NZX Regulation approval not needed on Hutson and Reeves' Abano proxy forms
By Suze Metherell
June 6 (BusinessDesk) - NZX Regulation has clarified that its approval is not needed for Abano Healthcare's dissident shareholders Peter Hutson and James Reeves to send out proxy forms to shareholders ahead of the June 13 special meeting.
While Abano did and is required to seek regulatory approval before sending out a notice of meeting and proxy forms, NZX approval is not needed in relation to anyother proxy form sent to shareholders in relation to the meeting, the stock market operator's regulation arm said in a statement. NZX Regulation said shareholders need to give due consideration as to who they appoint as their proxy ahead of next Friday's special meeting.
Hutson and Reeves, whose interests own about 19 percent of the company, have sent shareholders a proxy form after they called the special meeting to force the vote to dump chairman Trevor Janes, an established professional director. The two have since filed papers with the High Court to delay the meeting, saying the timeframe was "inadequate" and "impracticable" to call and conduct the meeting, according to papers filed in the High Court. Reeves said the short timeframe will be most acute for retail shareholders who own about 50 percent of Abano.

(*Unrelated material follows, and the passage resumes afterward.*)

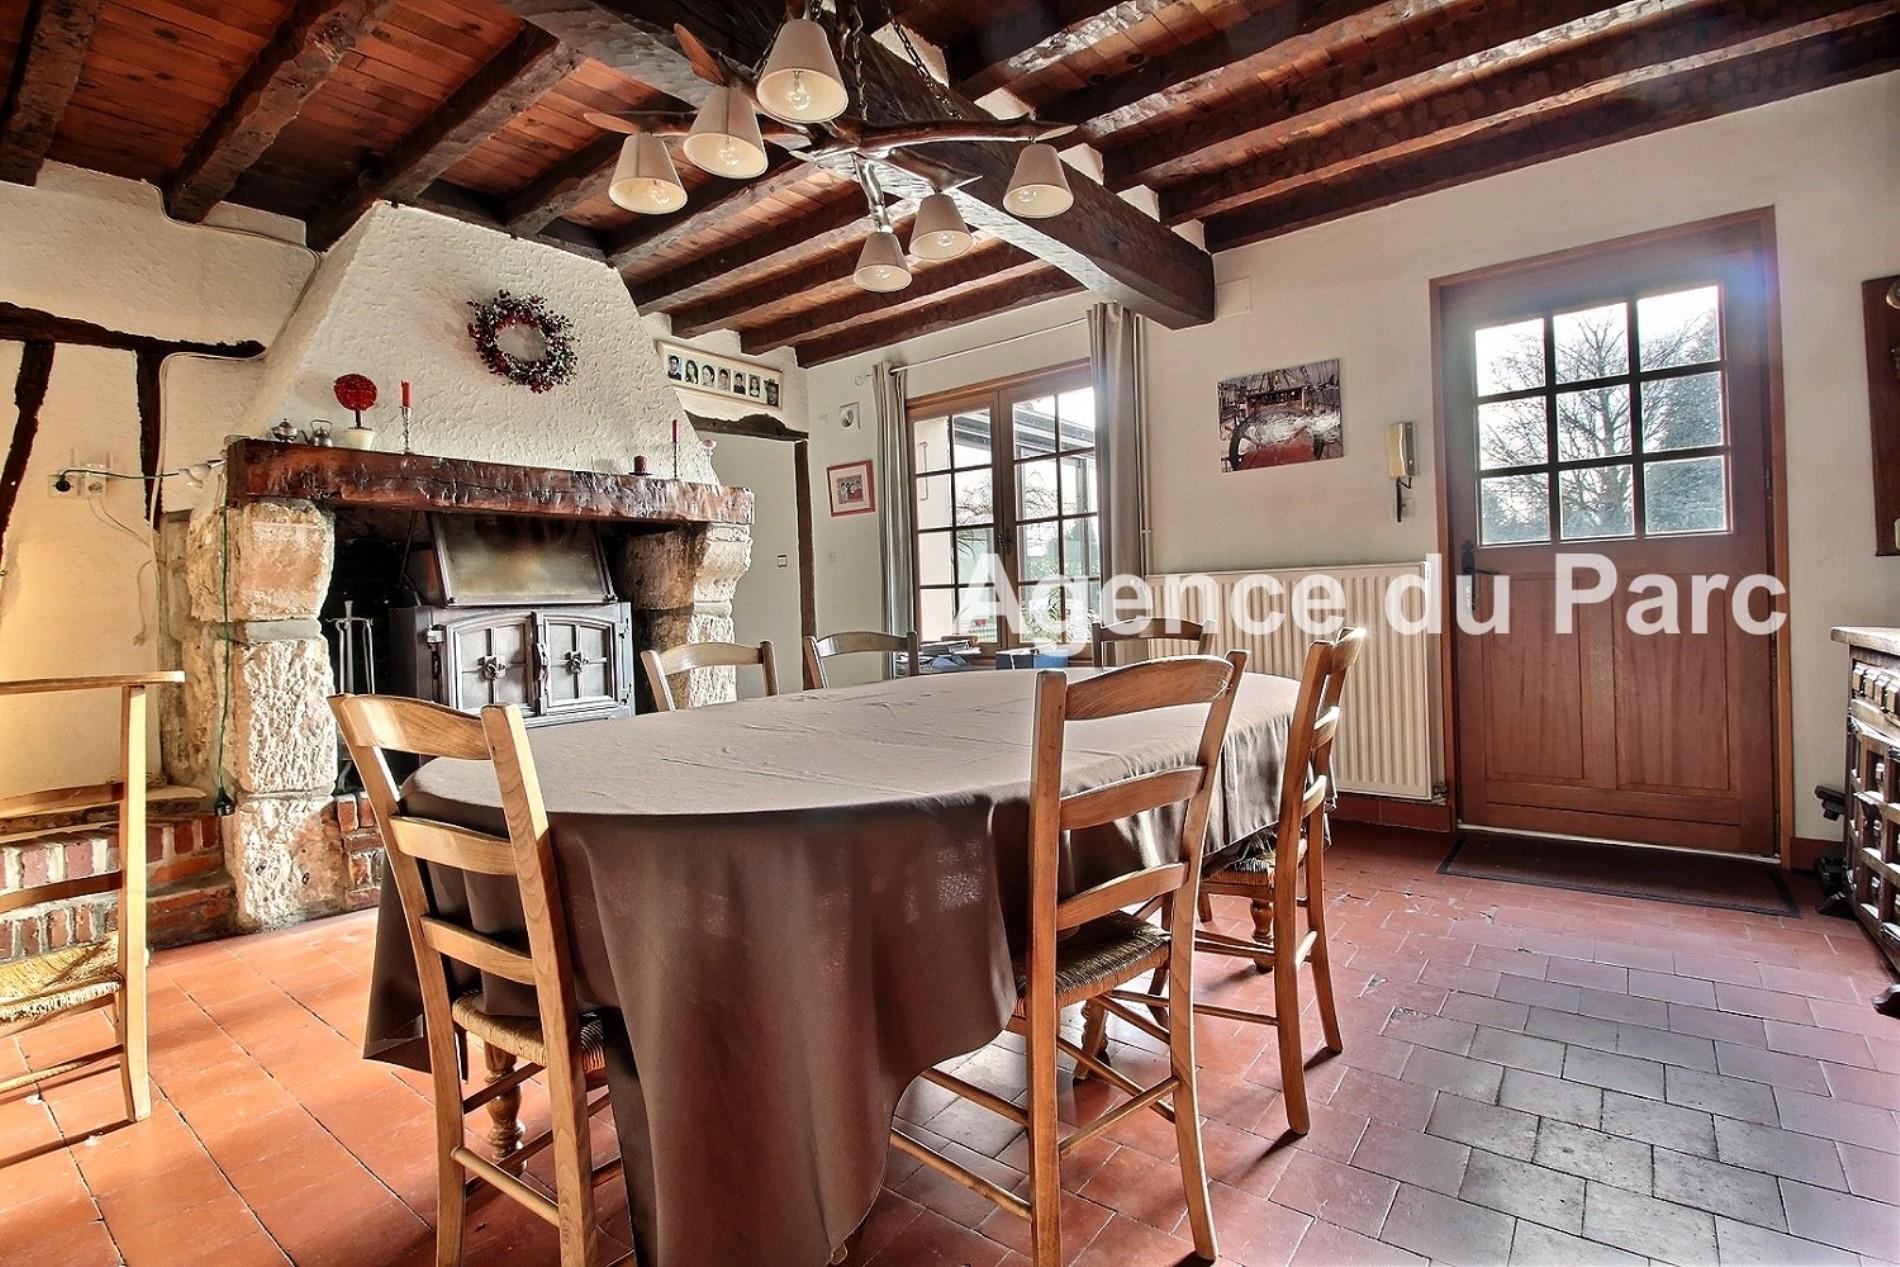 acheter maison ancienne de caract re vendre t7 chambres f7 chambres saint pa r campagne de. Black Bedroom Furniture Sets. Home Design Ideas

The company issued the notice of meeting last Friday, with the board recommending shareholders oppose the vote to dump the chairman. Janes abstained from endorsing the directors' recommendation. The board has written to shareholders warning that the Hutson and Reeves proxy form is not the official Abano proxy form.
According to Abano's constitution, proxies must be lodged 48 hours in writing before the meeting but doesn't specify whether proxies must use the company's own form. Abano didn't respond to BusinessDesk's question on whether there would be any difference in recognising votes via Hutson and Reeve's proxy forms.
NZX Regulation said it was considering a complaint concerning the running of Abano's 2012 annual meeting and whether the company had complied with the listing rule which requires at least one-third of directors retire. It's also looking at a complaint as to whether a report by Grant Samuel released to the market prior to the 2013 annual meeting complied with the listing rule which prevents companies from issuing false or misleading information.
In a separate statement the Financial Markets Authority sought to clarify that wasn't taking any action against Abano, saying shareholder correspondence from Hutson's investment vehicle Healthcare Industry and Reeves' Steamboat Capital might imply it was investigating Abano over the disclosure of financial information was false.
Shares in Abano were unchanged at $6.65 today, and have gained 4.4 percent this year.